PROVIDED DATA ->
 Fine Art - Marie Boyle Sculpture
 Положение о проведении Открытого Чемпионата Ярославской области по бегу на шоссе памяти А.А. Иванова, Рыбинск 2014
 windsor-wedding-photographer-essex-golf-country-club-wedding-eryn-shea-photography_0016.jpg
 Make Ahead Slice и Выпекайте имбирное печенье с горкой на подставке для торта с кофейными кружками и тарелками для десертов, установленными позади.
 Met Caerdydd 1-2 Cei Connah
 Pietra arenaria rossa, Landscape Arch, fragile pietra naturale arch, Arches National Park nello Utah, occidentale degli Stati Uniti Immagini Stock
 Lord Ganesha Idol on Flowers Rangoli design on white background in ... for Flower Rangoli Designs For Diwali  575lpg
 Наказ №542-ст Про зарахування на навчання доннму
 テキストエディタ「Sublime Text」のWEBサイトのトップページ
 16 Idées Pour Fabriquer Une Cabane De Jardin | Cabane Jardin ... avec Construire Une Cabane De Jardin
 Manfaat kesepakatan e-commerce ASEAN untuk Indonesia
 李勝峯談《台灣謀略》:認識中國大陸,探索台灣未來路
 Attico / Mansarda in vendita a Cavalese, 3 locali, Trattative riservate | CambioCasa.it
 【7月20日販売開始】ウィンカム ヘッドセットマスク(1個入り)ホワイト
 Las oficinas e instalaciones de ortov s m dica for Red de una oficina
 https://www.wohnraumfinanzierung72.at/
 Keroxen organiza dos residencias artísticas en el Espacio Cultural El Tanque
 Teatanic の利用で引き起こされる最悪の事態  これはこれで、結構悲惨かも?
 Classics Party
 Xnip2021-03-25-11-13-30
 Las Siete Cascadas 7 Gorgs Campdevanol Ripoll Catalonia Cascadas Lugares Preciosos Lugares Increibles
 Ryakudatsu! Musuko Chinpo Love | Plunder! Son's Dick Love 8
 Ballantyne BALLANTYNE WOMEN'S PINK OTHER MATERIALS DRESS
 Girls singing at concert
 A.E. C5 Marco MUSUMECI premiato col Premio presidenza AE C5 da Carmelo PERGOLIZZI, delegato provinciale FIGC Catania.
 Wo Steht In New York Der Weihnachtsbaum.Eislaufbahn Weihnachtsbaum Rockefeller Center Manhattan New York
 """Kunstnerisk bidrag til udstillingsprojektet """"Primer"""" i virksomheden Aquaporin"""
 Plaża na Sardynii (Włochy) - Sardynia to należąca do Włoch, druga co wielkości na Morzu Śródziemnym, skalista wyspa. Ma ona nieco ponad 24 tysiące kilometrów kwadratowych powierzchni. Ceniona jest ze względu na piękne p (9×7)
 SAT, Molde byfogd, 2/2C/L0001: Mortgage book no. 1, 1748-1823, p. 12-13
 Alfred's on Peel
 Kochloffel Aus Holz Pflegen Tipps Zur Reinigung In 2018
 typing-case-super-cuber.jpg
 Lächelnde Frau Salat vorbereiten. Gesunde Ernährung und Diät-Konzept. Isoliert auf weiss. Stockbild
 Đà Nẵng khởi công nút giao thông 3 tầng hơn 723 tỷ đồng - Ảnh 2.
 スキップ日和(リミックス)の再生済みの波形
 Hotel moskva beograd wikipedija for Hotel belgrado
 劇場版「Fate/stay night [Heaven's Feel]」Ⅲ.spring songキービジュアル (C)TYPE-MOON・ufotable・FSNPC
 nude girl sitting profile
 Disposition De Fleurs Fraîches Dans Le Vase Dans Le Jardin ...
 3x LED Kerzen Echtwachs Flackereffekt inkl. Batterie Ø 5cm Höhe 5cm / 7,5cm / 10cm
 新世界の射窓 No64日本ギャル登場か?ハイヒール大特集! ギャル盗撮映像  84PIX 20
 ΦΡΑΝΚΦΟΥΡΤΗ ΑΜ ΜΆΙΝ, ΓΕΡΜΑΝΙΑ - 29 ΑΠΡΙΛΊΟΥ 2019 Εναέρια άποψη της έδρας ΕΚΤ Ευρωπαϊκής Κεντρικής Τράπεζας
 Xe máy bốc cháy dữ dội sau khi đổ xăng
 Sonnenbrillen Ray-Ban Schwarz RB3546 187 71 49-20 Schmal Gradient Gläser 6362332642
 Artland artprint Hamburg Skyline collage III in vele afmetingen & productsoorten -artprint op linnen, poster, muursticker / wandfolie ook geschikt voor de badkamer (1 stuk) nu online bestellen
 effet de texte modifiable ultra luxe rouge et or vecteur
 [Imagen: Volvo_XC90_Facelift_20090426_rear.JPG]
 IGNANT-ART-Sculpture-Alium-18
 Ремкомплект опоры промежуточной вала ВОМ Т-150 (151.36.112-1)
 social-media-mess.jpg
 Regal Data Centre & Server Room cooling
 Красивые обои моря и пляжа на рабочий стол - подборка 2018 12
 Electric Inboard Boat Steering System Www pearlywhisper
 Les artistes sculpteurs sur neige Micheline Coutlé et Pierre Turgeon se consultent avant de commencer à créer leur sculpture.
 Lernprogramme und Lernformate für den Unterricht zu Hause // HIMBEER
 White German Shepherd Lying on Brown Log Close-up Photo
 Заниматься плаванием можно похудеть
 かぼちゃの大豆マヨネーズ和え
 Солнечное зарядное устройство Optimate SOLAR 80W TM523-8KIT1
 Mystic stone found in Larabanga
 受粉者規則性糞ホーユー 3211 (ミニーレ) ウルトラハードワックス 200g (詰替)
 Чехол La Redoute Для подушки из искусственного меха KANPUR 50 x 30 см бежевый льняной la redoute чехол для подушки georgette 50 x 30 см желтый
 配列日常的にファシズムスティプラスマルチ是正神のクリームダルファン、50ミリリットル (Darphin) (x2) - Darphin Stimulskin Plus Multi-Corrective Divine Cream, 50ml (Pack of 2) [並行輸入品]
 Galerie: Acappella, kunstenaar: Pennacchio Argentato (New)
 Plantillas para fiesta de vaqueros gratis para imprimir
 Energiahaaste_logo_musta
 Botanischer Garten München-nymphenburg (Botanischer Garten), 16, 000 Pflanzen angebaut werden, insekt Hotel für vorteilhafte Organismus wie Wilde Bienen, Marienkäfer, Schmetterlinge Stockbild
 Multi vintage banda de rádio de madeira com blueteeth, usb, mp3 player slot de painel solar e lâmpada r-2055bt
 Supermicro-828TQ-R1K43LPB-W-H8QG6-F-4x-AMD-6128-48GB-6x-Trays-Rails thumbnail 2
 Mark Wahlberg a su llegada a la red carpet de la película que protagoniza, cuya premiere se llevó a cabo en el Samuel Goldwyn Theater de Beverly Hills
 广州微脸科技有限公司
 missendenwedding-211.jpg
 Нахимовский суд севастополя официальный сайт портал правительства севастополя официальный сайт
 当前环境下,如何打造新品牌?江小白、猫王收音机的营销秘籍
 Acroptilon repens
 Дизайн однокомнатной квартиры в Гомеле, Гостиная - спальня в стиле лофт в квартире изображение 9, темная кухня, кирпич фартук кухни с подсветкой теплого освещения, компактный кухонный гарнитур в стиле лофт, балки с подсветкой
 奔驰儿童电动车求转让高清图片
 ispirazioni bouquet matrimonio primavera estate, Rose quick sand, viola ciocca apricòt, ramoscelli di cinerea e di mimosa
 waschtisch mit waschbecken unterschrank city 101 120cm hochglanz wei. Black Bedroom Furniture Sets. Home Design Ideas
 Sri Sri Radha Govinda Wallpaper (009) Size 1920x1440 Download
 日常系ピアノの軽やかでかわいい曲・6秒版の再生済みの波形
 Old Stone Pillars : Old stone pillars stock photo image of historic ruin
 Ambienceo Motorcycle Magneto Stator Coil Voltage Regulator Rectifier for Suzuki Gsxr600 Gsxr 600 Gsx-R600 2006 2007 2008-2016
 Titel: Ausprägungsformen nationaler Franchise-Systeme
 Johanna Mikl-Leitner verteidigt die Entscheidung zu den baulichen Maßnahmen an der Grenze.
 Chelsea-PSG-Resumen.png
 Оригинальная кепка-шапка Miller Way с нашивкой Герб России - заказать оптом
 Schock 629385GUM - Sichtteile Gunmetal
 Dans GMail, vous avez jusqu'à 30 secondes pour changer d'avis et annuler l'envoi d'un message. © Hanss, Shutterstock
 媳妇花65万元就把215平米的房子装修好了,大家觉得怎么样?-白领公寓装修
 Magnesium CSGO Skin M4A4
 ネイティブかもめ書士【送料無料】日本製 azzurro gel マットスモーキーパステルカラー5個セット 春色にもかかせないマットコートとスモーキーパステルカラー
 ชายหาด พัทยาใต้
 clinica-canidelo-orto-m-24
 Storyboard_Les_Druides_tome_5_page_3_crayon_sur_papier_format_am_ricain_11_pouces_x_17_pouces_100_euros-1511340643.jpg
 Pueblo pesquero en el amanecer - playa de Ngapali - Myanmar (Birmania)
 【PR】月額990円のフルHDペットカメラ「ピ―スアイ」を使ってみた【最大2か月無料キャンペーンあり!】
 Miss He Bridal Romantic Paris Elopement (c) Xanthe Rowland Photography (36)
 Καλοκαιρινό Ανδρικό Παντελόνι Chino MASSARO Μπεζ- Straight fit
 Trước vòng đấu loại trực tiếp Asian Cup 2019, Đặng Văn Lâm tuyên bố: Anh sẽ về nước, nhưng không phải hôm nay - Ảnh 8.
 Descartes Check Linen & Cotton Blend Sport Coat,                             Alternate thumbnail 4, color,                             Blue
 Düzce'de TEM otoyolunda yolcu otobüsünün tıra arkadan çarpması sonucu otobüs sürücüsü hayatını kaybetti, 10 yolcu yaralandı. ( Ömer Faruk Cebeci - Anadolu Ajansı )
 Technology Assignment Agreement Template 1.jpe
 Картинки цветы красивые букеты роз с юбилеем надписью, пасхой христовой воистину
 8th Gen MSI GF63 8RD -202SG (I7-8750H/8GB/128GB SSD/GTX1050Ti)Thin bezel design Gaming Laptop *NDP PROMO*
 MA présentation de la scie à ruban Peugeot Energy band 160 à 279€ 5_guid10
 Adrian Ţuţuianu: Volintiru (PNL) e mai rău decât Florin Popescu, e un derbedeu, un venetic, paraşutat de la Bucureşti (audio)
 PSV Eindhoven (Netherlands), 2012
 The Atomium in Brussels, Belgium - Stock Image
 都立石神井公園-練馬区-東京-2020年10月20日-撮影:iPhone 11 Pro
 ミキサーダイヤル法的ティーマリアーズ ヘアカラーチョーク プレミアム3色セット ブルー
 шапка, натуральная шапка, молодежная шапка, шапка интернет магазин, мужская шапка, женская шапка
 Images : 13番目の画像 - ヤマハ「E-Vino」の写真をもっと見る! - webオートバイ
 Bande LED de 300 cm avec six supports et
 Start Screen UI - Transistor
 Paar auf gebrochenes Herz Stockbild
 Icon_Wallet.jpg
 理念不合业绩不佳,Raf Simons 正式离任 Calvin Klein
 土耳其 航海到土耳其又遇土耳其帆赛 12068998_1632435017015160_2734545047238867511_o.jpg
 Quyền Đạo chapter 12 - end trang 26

ACTION ITEM -> In the entries above, restate word for word the lines between the one holding "PSV Eindhoven (Netherlands), 2012" and the one holding "Images : 13番目の画像", inclusive, and nothing besides.

RESPONSE TO THIS EXERCISE ->
 PSV Eindhoven (Netherlands), 2012
 The Atomium in Brussels, Belgium - Stock Image
 都立石神井公園-練馬区-東京-2020年10月20日-撮影:iPhone 11 Pro
 ミキサーダイヤル法的ティーマリアーズ ヘアカラーチョーク プレミアム3色セット ブルー
 шапка, натуральная шапка, молодежная шапка, шапка интернет магазин, мужская шапка, женская шапка
 Images : 13番目の画像 - ヤマハ「E-Vino」の写真をもっと見る! - webオートバイ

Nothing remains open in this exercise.